═══ Data shown
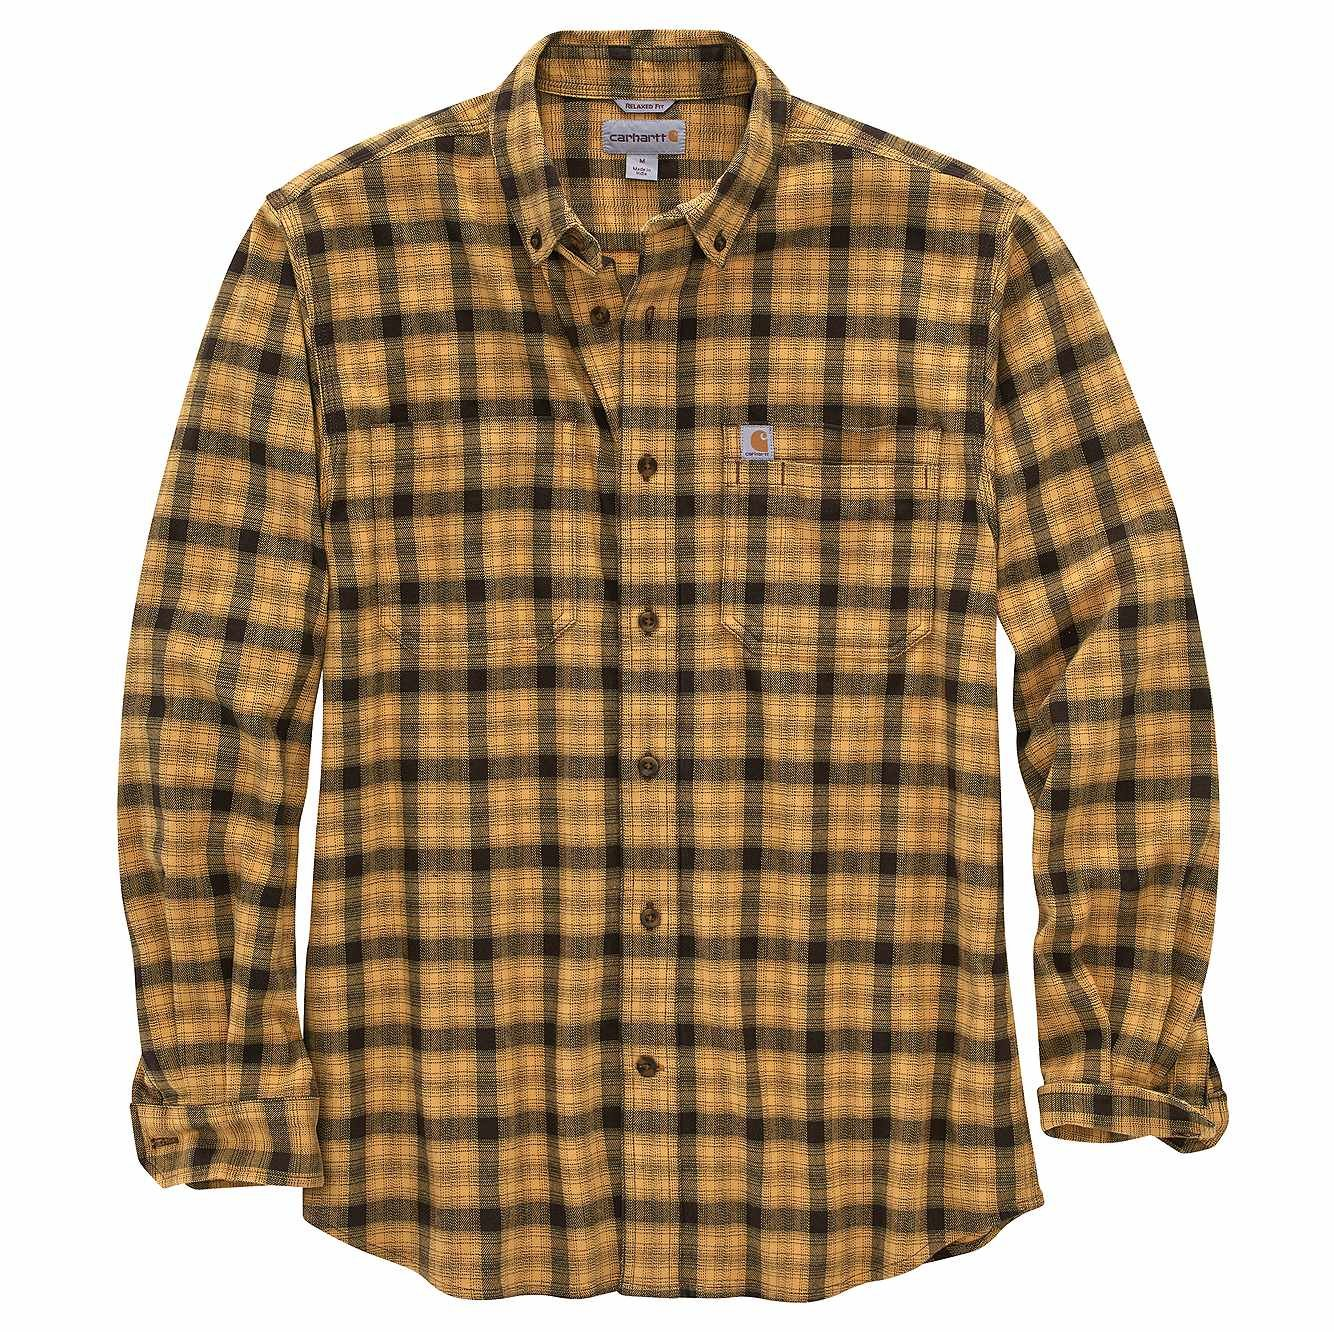 Carhartt 104448 Relaxed Fit Flannel Plaid - Khaki
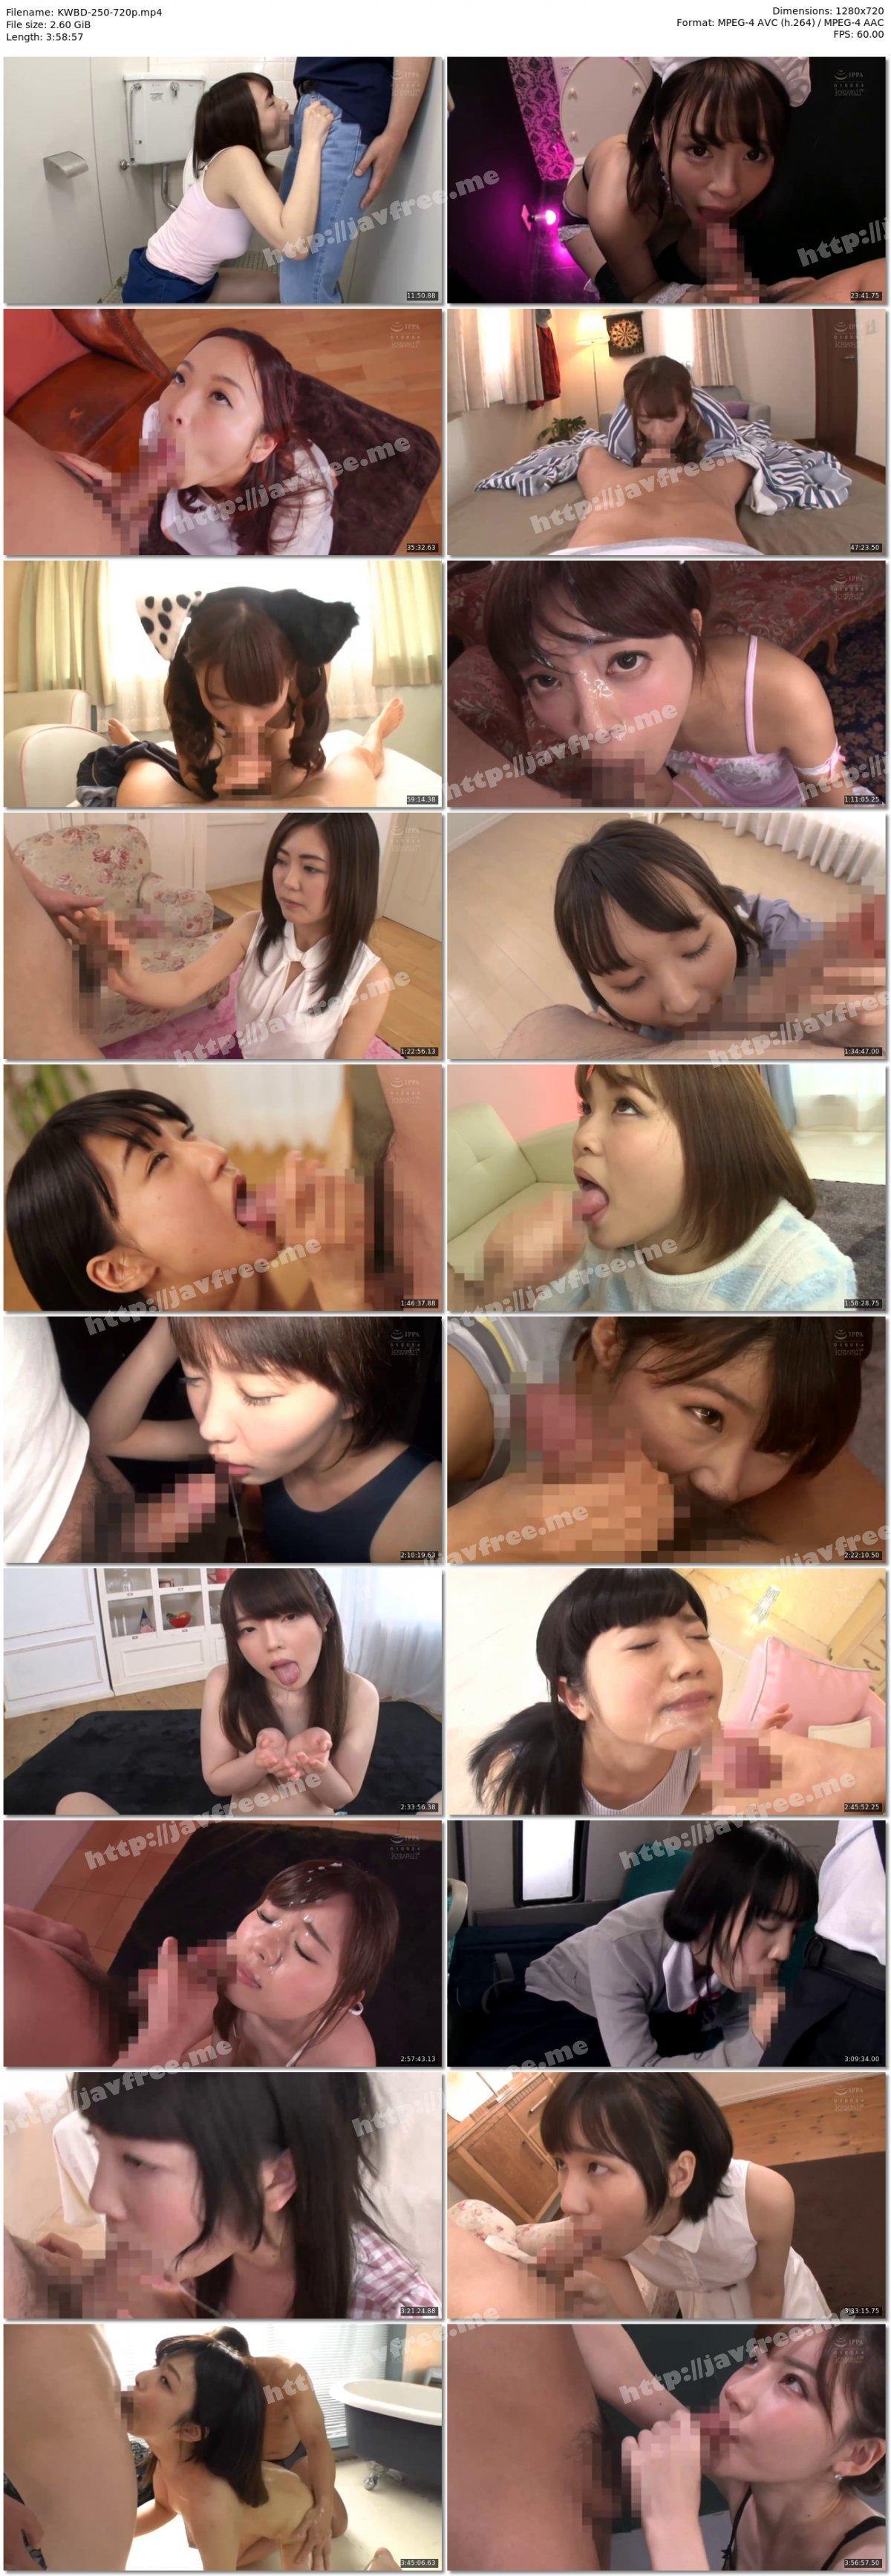 [HD][KWBD-250] kawaii*美少女35人!イク寸前の最高に気持ちいいフェラチオラッシュ60連発! - image KWBD-250-720p on https://javfree.me
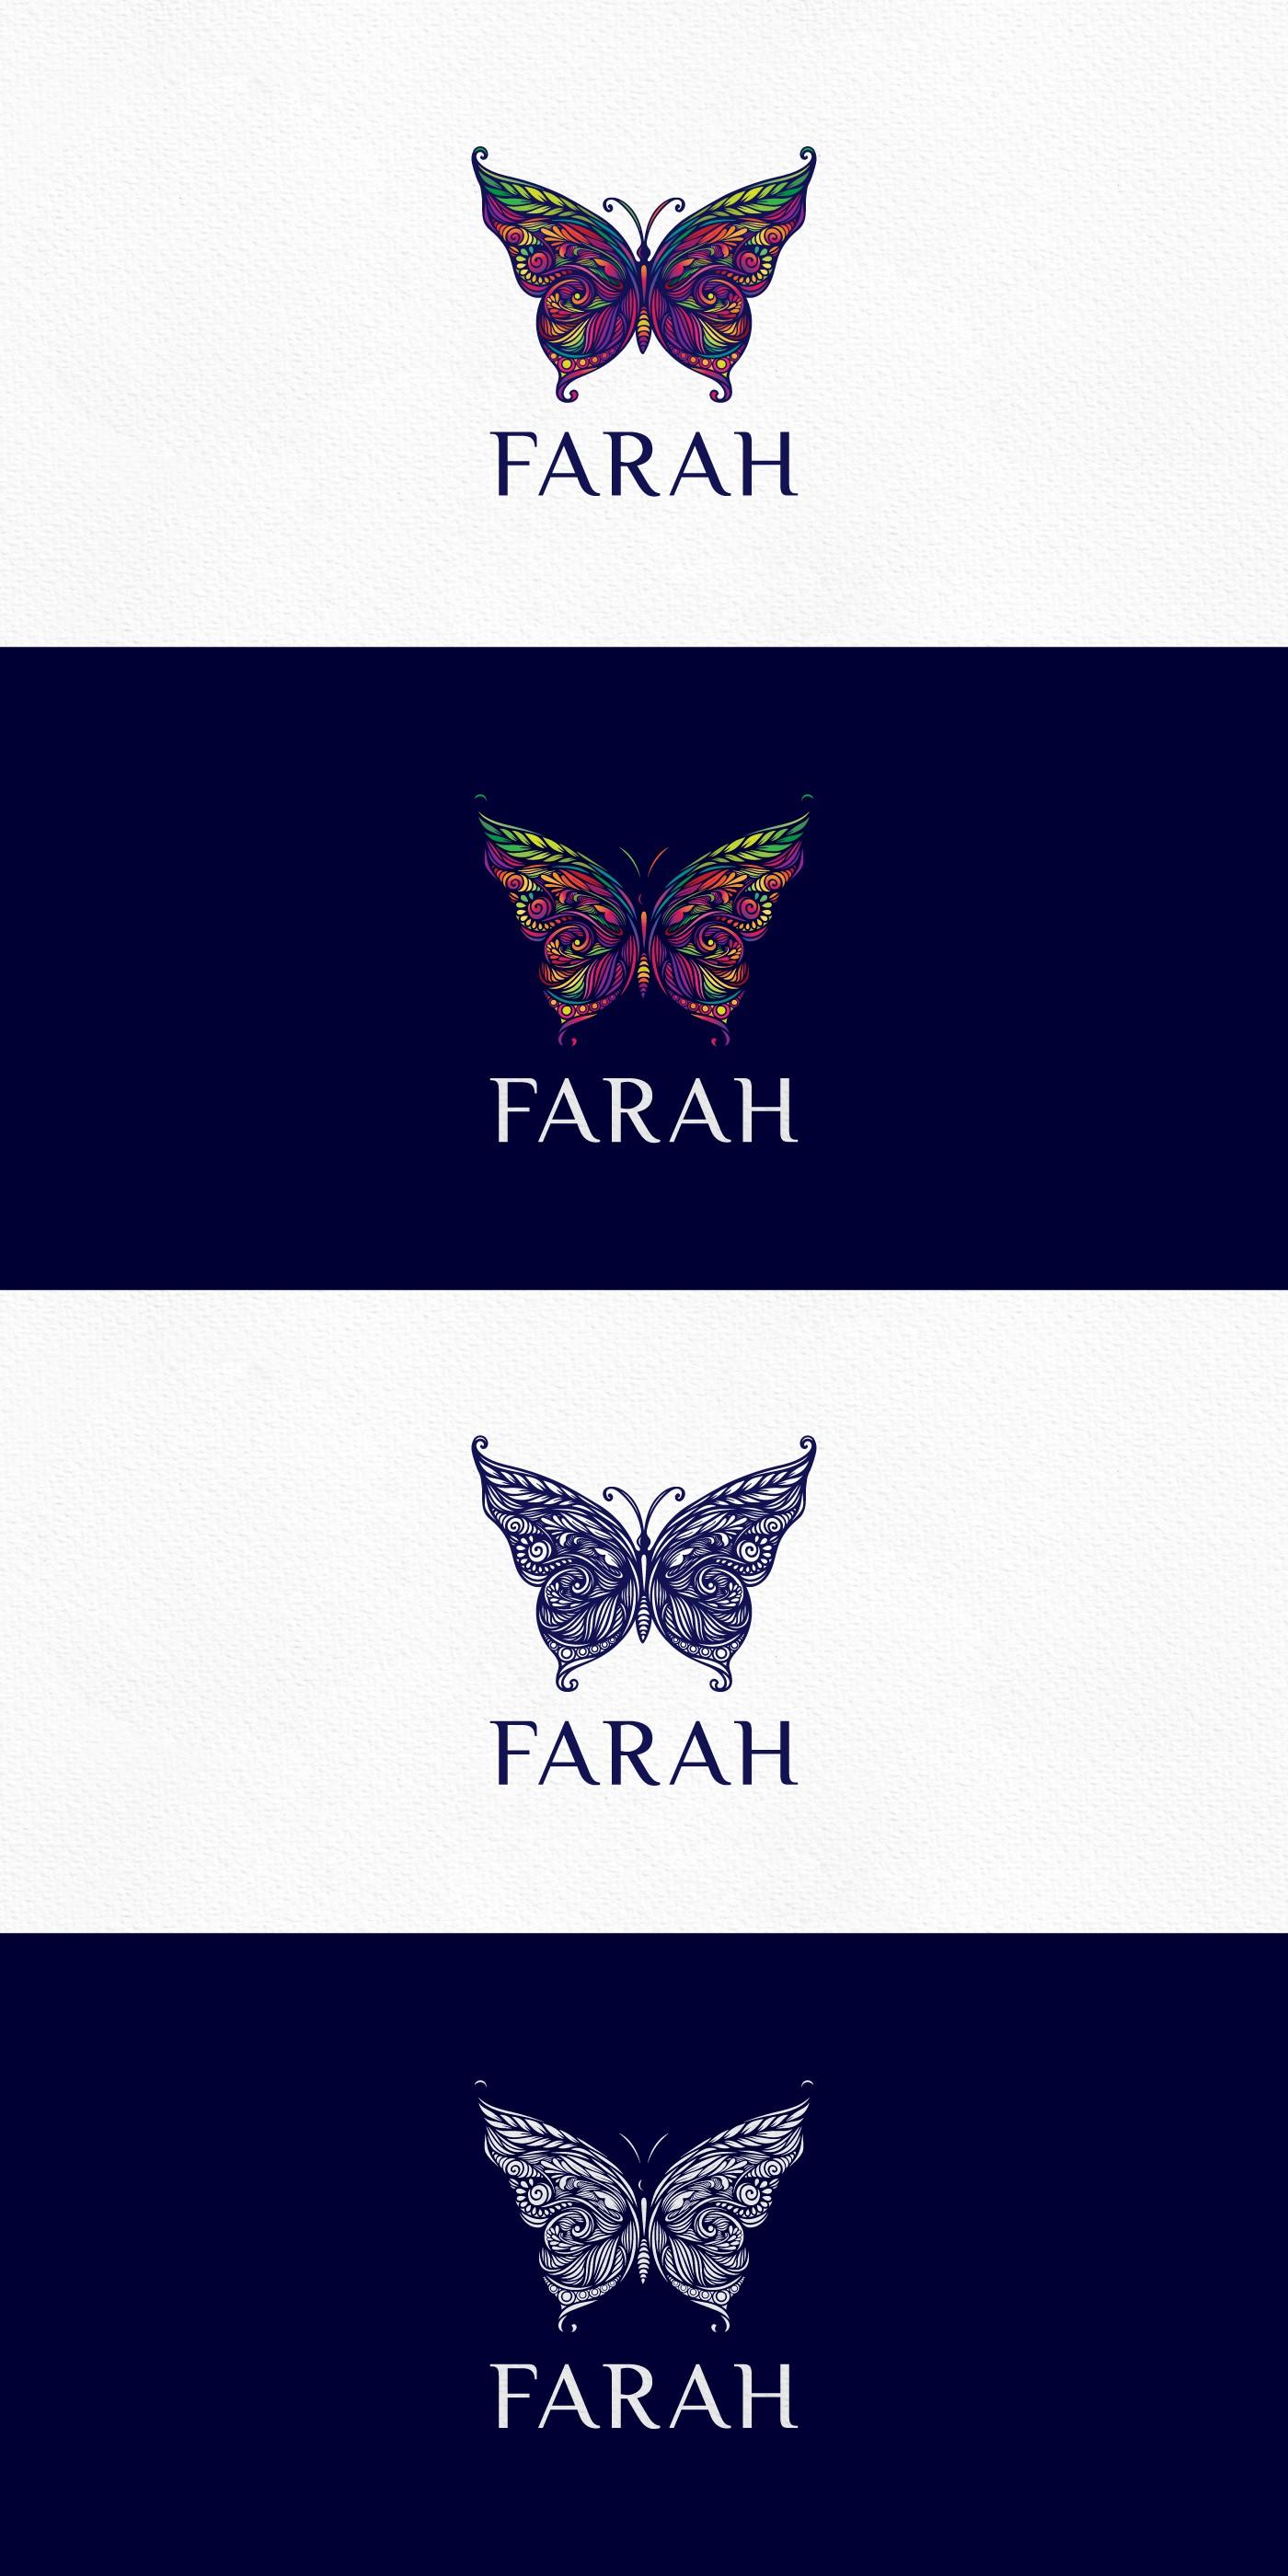 Farah Project
══════
> _Requirement_: The listing is to be repeated word for word, with all pictures omitted.

> _Output_:
 Carhartt 104448 Relaxed Fit Flannel Plaid - Khaki
 [HD][KWBD-250] kawaii*美少女35人!イク寸前の最高に気持ちいいフェラチオラッシュ60連発! - image KWBD-250-720p on https://javfree.me
 Farah Project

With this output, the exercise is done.